В обществеСталин – уходящая натура

6 МАРТА 2005 г. ЕВГЕНИЯ АЛЬБАЦ
Давали спектакль. В театре "Школа современной пьесы" в Москве 5 марта, в день пятьдесят второй годовщины со дня смерти Иосифа Сталина, Сергей Юрский играл премьеру: «Вечерний звон. Ужин у товарища Сталина» (по пьесе Иона Друцэ). Четыре роли: два адъютанта (у одного отец в ГУЛАГе), молодая певичка из Большого театра, приглашенная то ли спеть отцу народов во время ужина, то ли усладить не только слух, но и тело вождя после оного, и, наконец, сам Он. Великий и ужасный, страшный и жалкий, страдающий манией преследования и перекраивающий карту мира, неспособный изъясняться нормальным человеческим языком и не лишенный вкуса к прекрасному (вино, оперный голос, женщины, поэтический текст), комичный в своих страхах и бесконечно одинокий в им же самим выстроенной тюрьме - именно такого Сталина сыграл – и блистательно! – Сергей Юрский в собственном спектакле.

Stalin.narod.ru

В перестройку бы зал на поклонах стоял, потолок – рушился бы от аплодисментов. И хотя публика была вполне разночинская, реагировала она скорее вяло: похлопали и – разошлись.
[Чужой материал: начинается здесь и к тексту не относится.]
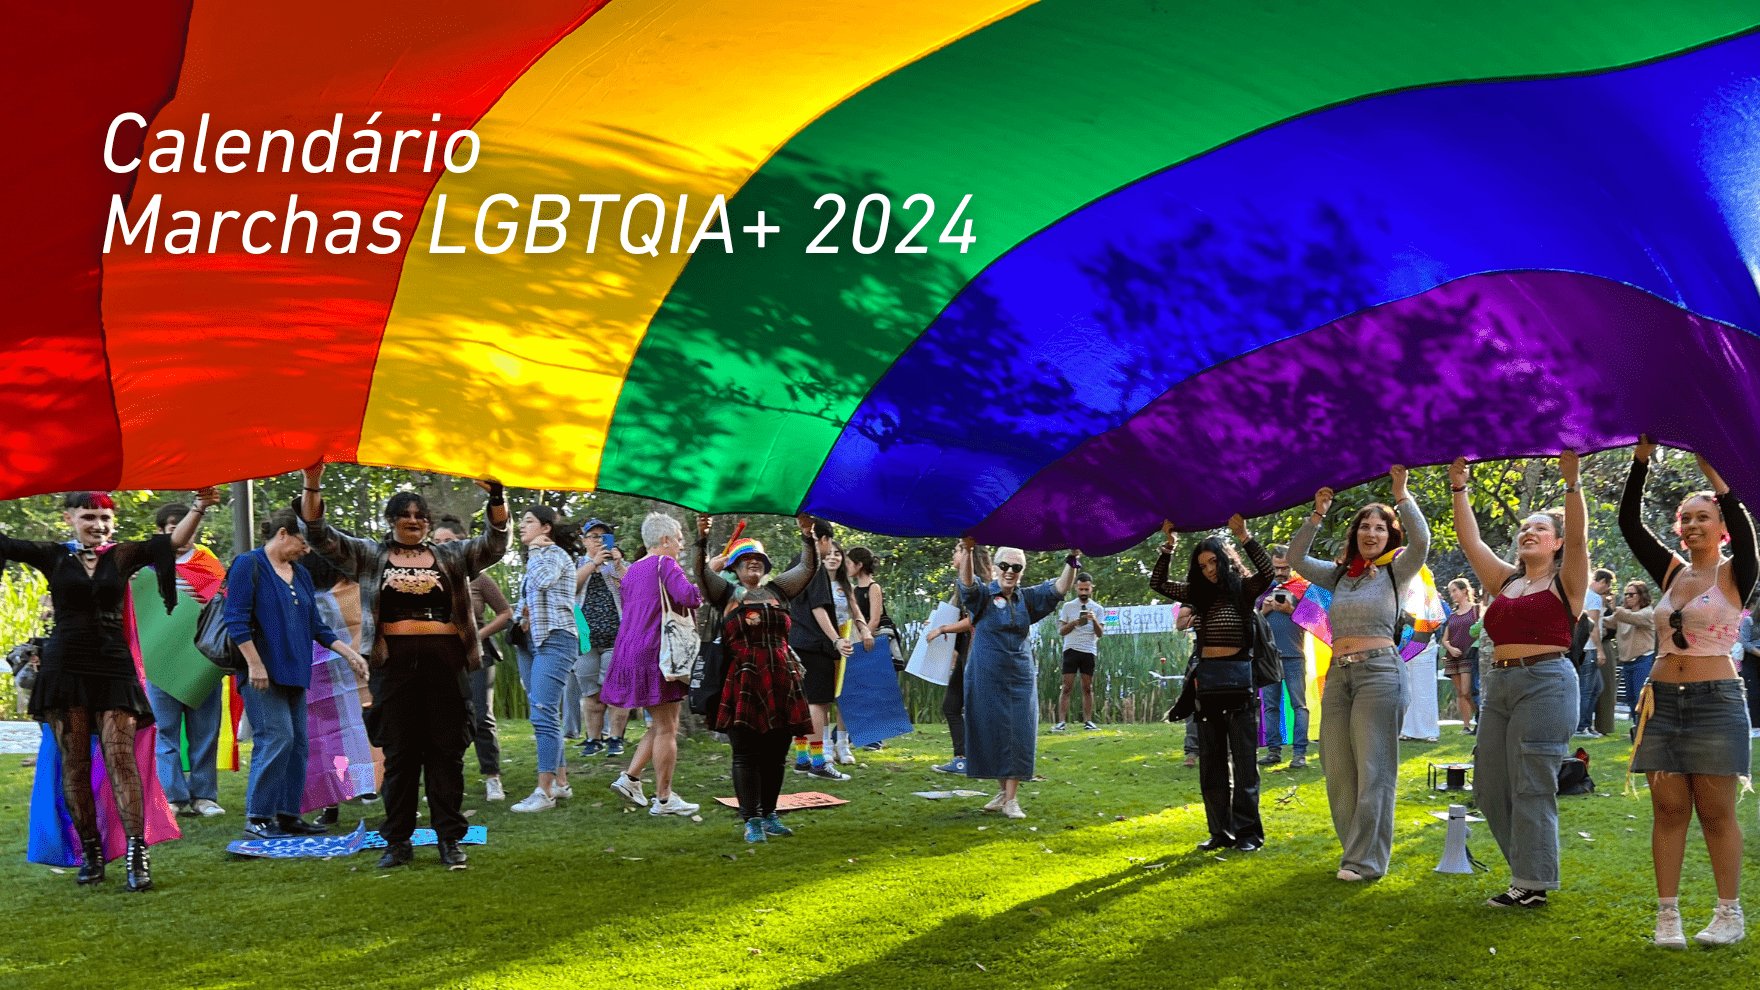 Calendário de Marchas LGBTQIA+ 2024 em Portugal

Антуражем к спектаклю (и возможным объяснением реакции на него) служили результаты соцопросов, широко обсуждавшиеся в предшествующие дни. По данным социологов «Башкирова и партнеры», которые опубликовала газета «Новые Известия», 47 процентов респондентов уверены, что генералиссимус сыграл в истории страны положительную роль, 43 процента – что скорее негативную. По данным ВЦИОМа, только 37 процентов осуждают деяния Сталина. Более того: число тех, кто оценивает его роль в истории страны исключительно положительно, выросло на 4 процента – не бог весть какой рост, в пределах статистической погрешности, но тенденция видна, и прослеживается она уже не первый год. И, по данным того же ВЦИОМа, 42 процента опрошенных хотят видеть в Кремле "нового Сталина".

«Му-ки»,- сказал бы Разгон, с которым мы обязательно в этот день пили бы водку, отмечая день, который оба считали (а я, в отсутствие Льва Эммануиловича Разгона, который уже дано в лучшем из миров, и продолжаю считать) великим днем. Днем начала освобождения многомиллионной страны от рабства, днем начала конца одной из страшных диктатур, которую когда-либо знало человечество. 5 марта – День освобождения, и рано или поздно он таковым и войдет в историю страны. Для Разгона, который отсидел в лагерях семнадцать лучших лет своей жизни, у которого на этапе в лагерь погибла жена (Оксане было едва за двадцать), а на воле росла, чудом избежав знаменитых «Алешек» - детских домов для детей врагов народа, где отец был для всех один – Сталин, и выросла без него дочка, Наташа, - так вот, для Разгона день смерти Сталина был днем, когда забрезжил свет в конце туннеля, когда стало ясно: воля будет (а пришла она через два года), жизнь будет, любимая женщина, Рика, отбывавшая вечную ссылку в Красноярском крае, – встретит и обнимет его. Счастье – будет. И было.

Данные социологов утверждают: большинство (52 процента) из тех, кто хотел бы видеть воскресение вождя, – люди старшего поколения, но немало и молодежи (31 процент), а вот люди среднего возраста скорее негативно относятся к этой милой перспективе.

Данные любопытные, однако ничего необычного в них нет. Особенно если знать историю посттоталитарных трансформаций в других странах. Например, в Германии.
В начале 50-х годов, через семь лет после конца Третьего рейха, чудовищного поражения страны во Второй мировой войны, немцев (которые, напомню, жили тогда еще под оккупацией победивших союзников) спросили: какой режим предпочтителен для (западной) Германии?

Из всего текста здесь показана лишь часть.